Support for AKRSP’s efforts at enhancing women’s membership in PIM societies came, not surprisingly, from adivasi men. Interviews with adivasi men in a cross section of PIM societies revealed that they felt strongly about women’s inherent capabilities in handling conflicts better than men and in exhibiting more self-discipline when it comes to framing and enforcing rules (Vasavada, 2000). Men claimed that women are more sincere both in terms of collecting irrigation dues and saving money at the household level. In cases where women have been trained as canal supervisors, they have also been more effective than men in ensuring that water is not wasted and that irrigators do not take water out of turn.

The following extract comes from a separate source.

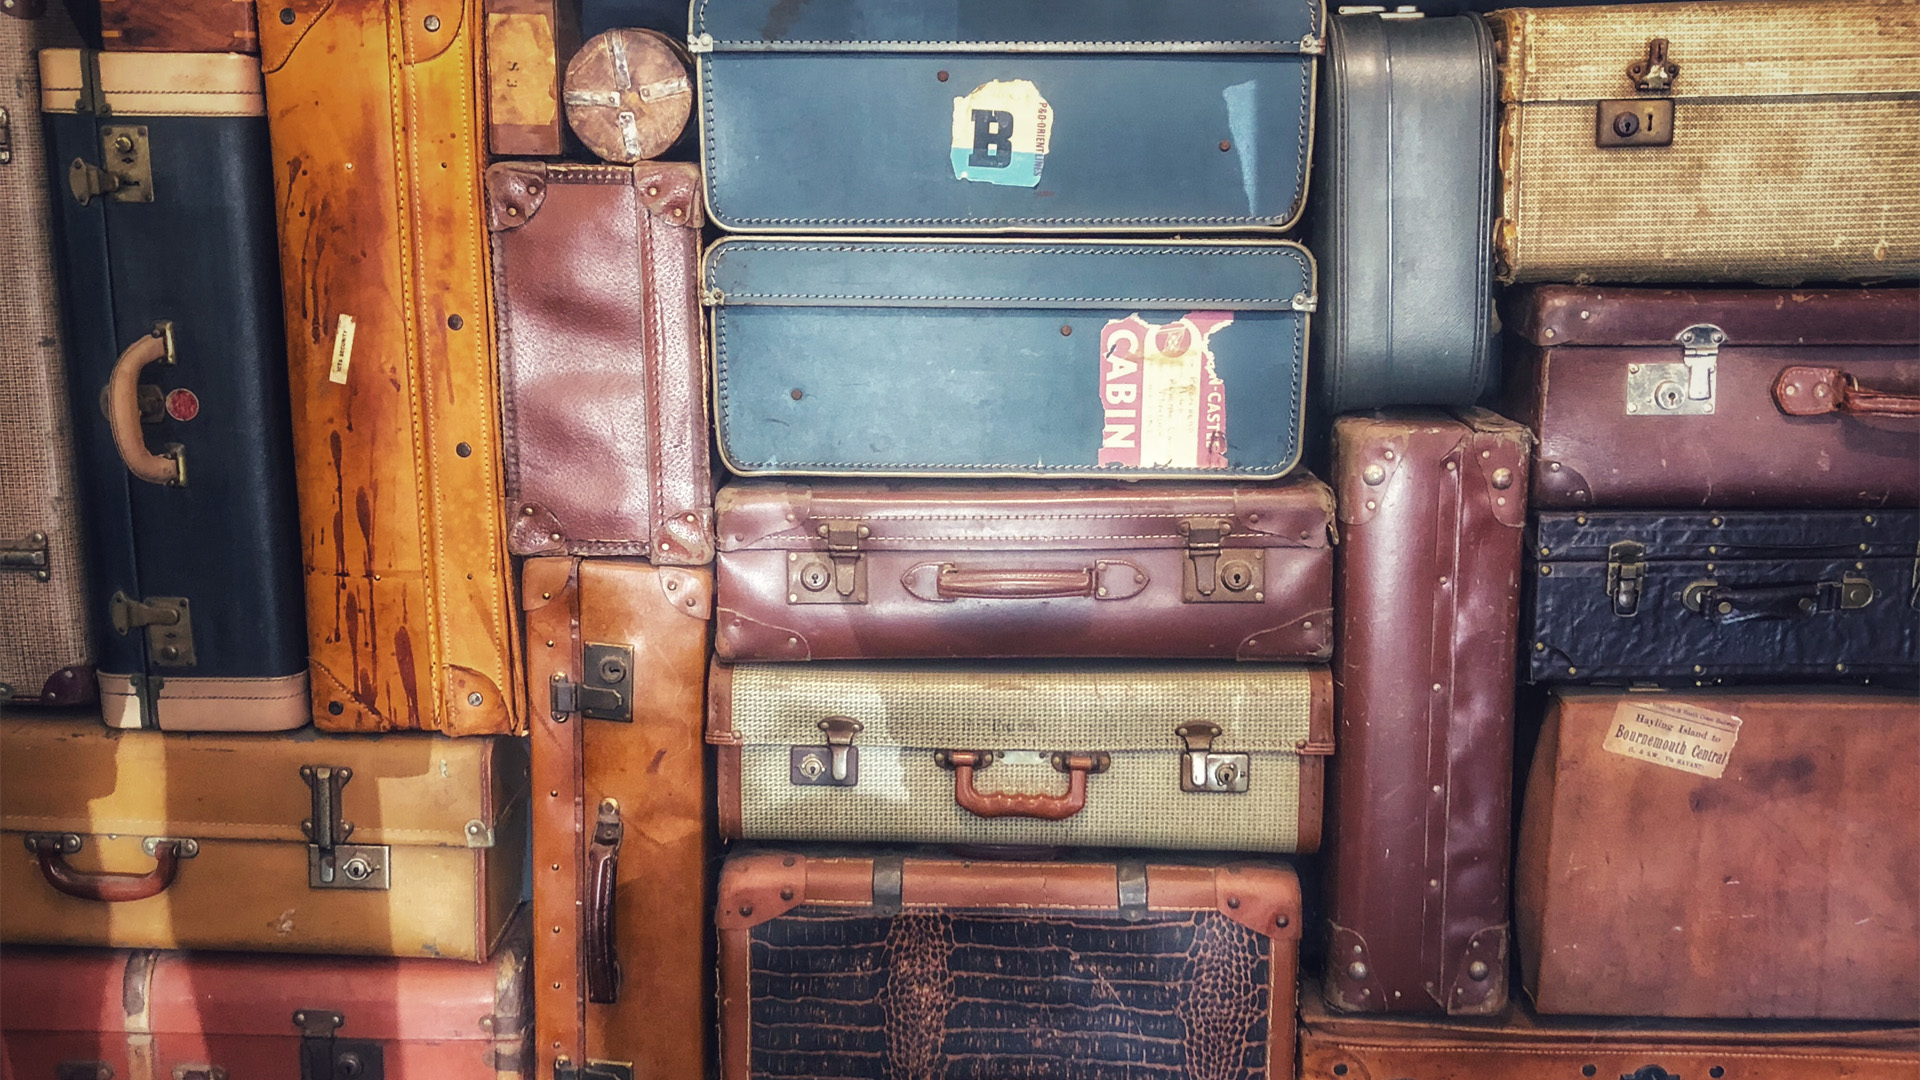 decorative: image of a large stack of suitcases of varying sizes

In addition to these direct impacts of involving women in irrigation decision-making, the AKRSP case illustrates that canal water has multiple uses for women, such as bathing and washing clothes and utensils, as well as for livestock. It is increasingly being recognized that these gendered needs ought to be addressed in the design of irrigation systems and the adoption of rules governing access to water by PIM societies. However, such efforts will not be sustainable unless gender concerns in PIM are placed in the larger context of equity where water needs of the landless and other stakeholders also need to be addressed.

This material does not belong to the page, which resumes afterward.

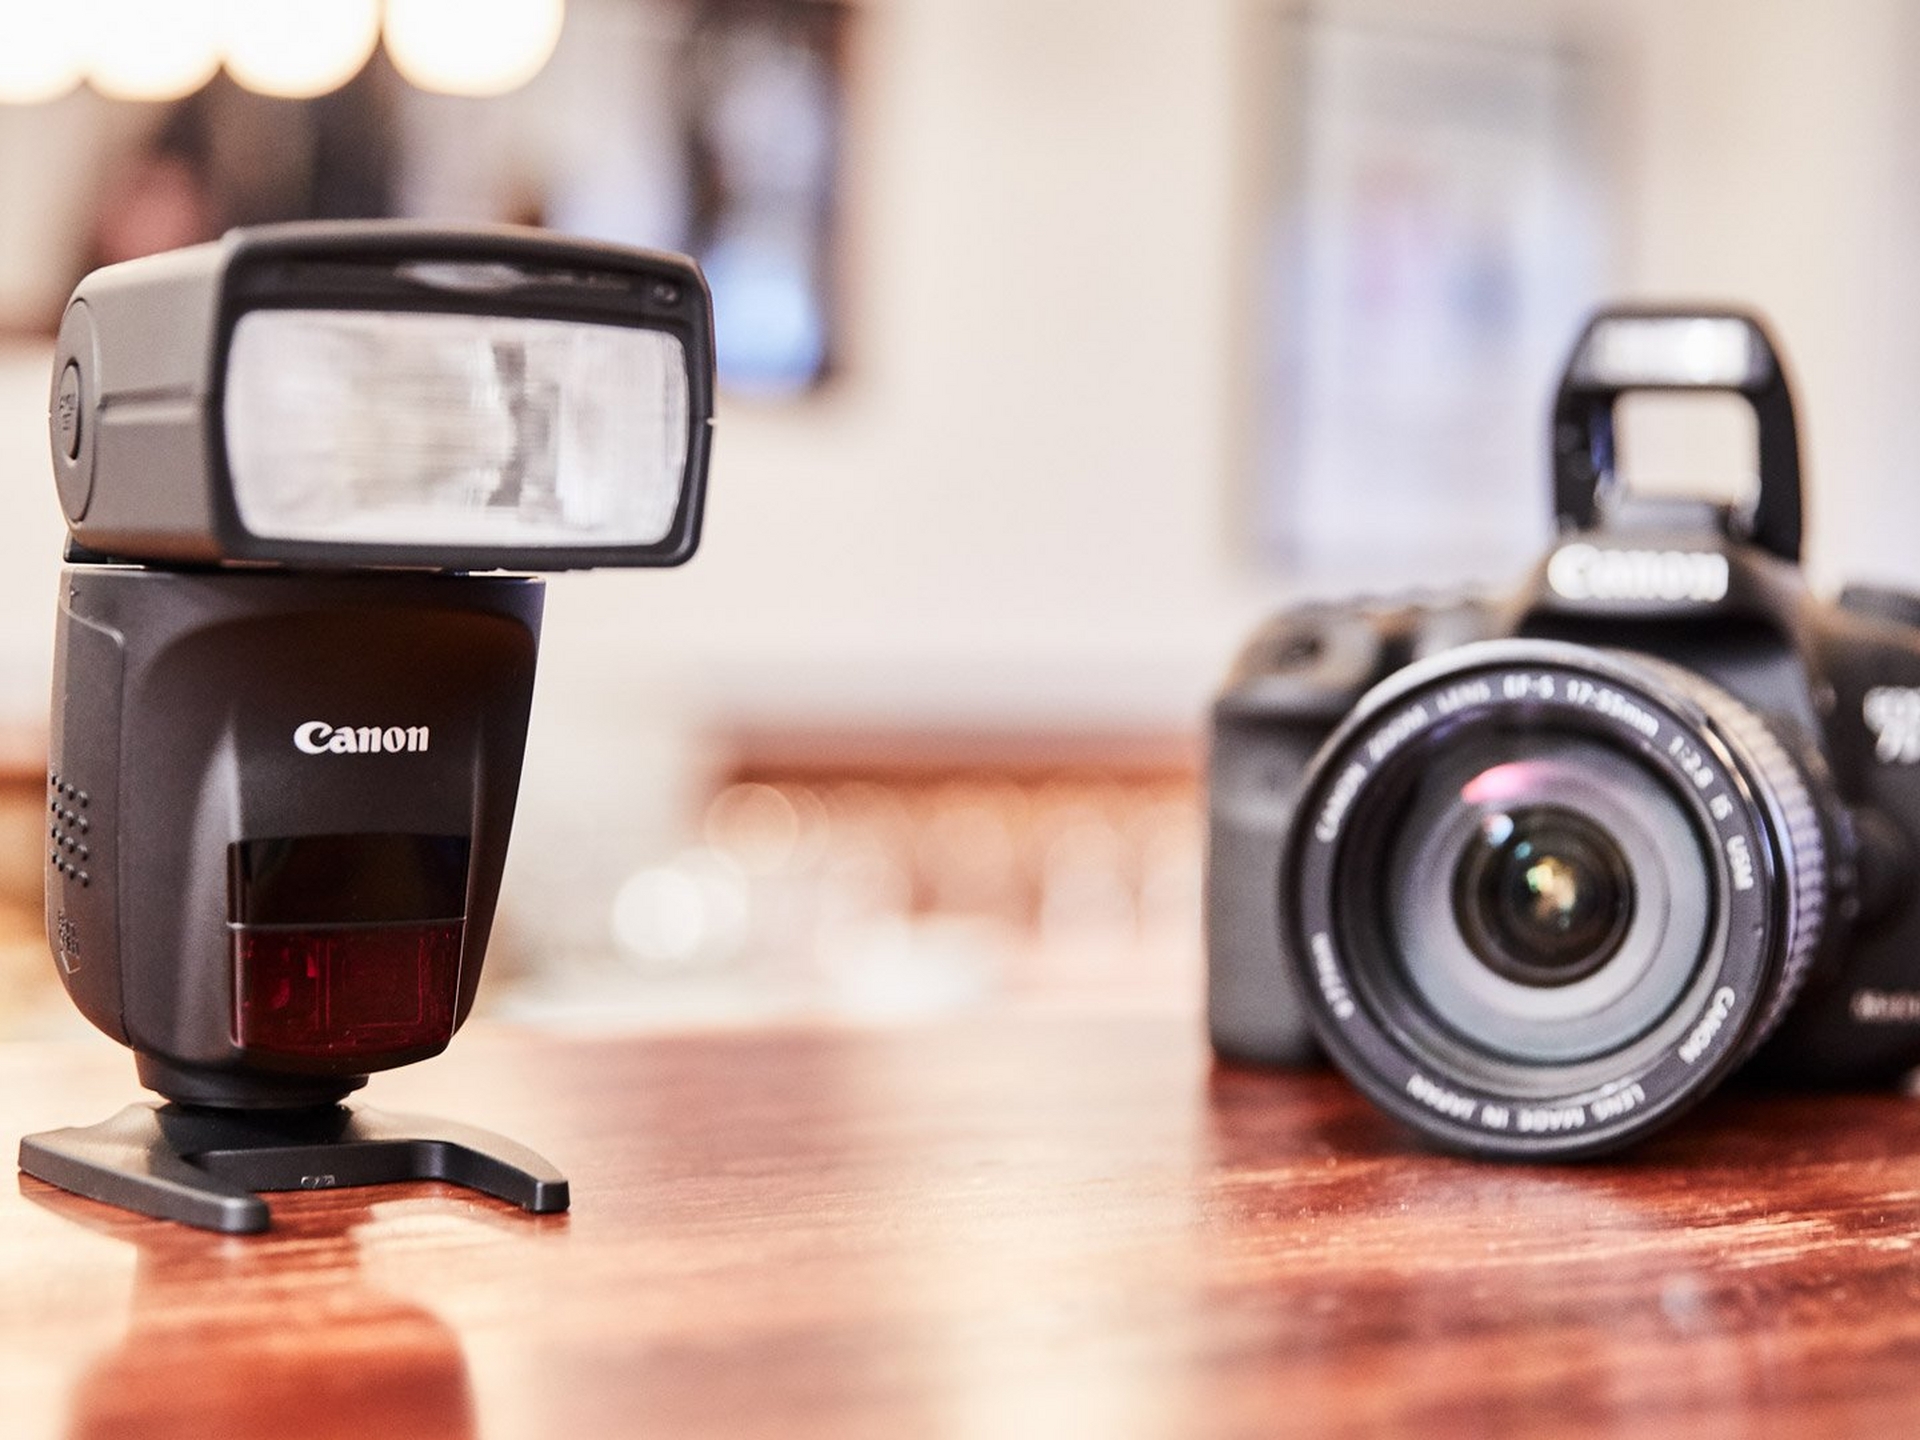 Canon 6D Mark II and Canon Speedlite 470EX-AI on a brown table

To summarise some of the key findings of AKRSP’s strategy:
- As an important starting point, AKRSP has been systematically undertaking gender sensitization training of its staff at all levels to challenge perceptions and attitudes on women’s roles and capabilities in natural resource management.
- Building on the success of similar endeavours is essential – for example, women in other project villages had been managing group-well irrigation schemes successfully before AKRSP thought of involving women in PIM.
- Capacity building is important. This includes exposure to other development organisations where women are managing irrigation interventions effectively.
- Women need to be involved from the beginning so that they can also be exposed to the negotiation process with the irrigation bureaucracy, rather than waiting for irrigation societies to start functioning efficiently before addressing equity.
- To facilitate and encourage women’s participation in PIM, it is necessary not only to convince women, but also to involve them in other development interventions which address their practical gender needs, such as savings and credit groups. Strong group formation, both mixed and women only, are integral to AKRSP’s success in its efforts to involve women in PIM.
AKRSP’s success shows that NGOs can and should demonstrate models that challenge legal criteria for membership which link water rights to landownership. Such models must illustrate that involving women is not only a question of empowering them, but also of managing community irrigation more efficiently, effectively and equitably, in order to have a strong role in influencing policy and legislation.
Source: Abstracted from: Vasavada, Shilpa, 2005. “Mainstreaming gender concerns in participatory irrigation management: The role of AKRSP(I) in South Gujarat,” in Sara Ahmed (ed.) Flowing Upstream: Empowering Women through Water Management Initiatives in India, Ahmedabad: Centre for Environment Education and New Delhi: Foundation Books.